PolskaTo nie film: "Siara" i "Kiler" przed sądem

To nie film: "Siara" i "Kiler" przed sądem

Jeden miał być zleceniodawcą zabójstwa, drugi egzekutorem. W Sądzie Okręgowym w Opolu od nowa rozpoczął się proces w sprawie zabójstwa Jana P., który został zastrzelony w listopadzie 2003 roku w Opolu.
W pierwszym procesie zarówno Janusz W. pseudonim "Siara" oraz Dariusz P. pseudonim "Kiler" - zostali skazani na 25 lat więzienia.

31.03.2008 | aktual.: 31.03.2008 20:32

"Siara" miał zlecić "Kilerowi" zabójstwo biznesmena Jana P., prawdopodobnie z powodu rozliczeń finansowych. Dariusz P. początkowo przyznał się do zabójstwa, później jednak zmienił zeznania. Sąd Apelacyjny uznał, że sprawę trzeba rozpatrzyć od nowa.

Prokurator Dariusz Rybicki przypomniał podczas rozprawy, że sprawa jest skomplikowana. Na początku nie było nawet wiadomo kim jest zastrzelony mężczyzna. Śledczy przeanalizowali kontakty ofiary zapisane w telefonie komórkowym ofiary i w ten sposób dotarli do Janusza W. a potem do Dariusza P.
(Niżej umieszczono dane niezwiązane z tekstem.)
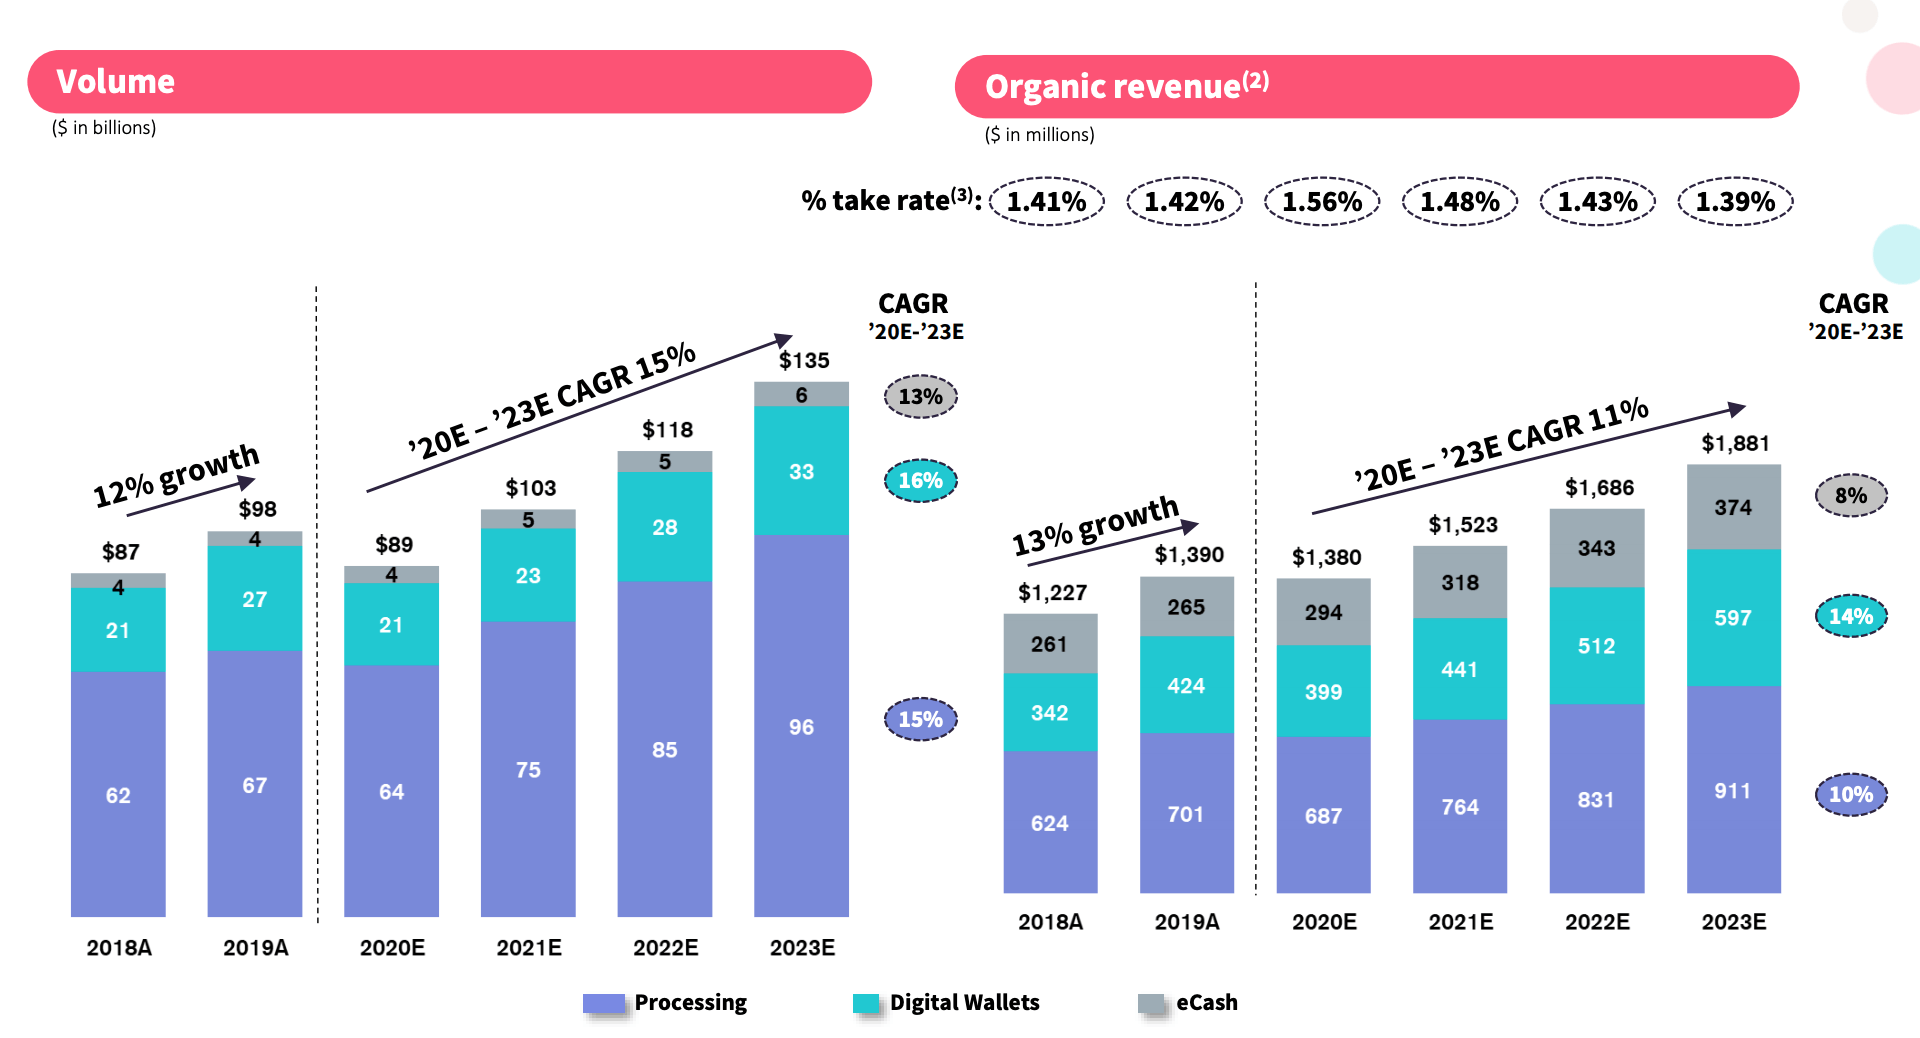 Paysafe revenue and volume growth

Obaj oskarżeni odmówili składania wyjaśnień. Sędzia odczytał wyjaśnienia "Siary" złożone podczas postępowania przygotowawczego. Janusz W. przekonywał wtedy, że jest niewinny a z ofiarą łączyły do tylko sporadyczne kontakty biznesowe. W środę ciąg dalszy rozprawy.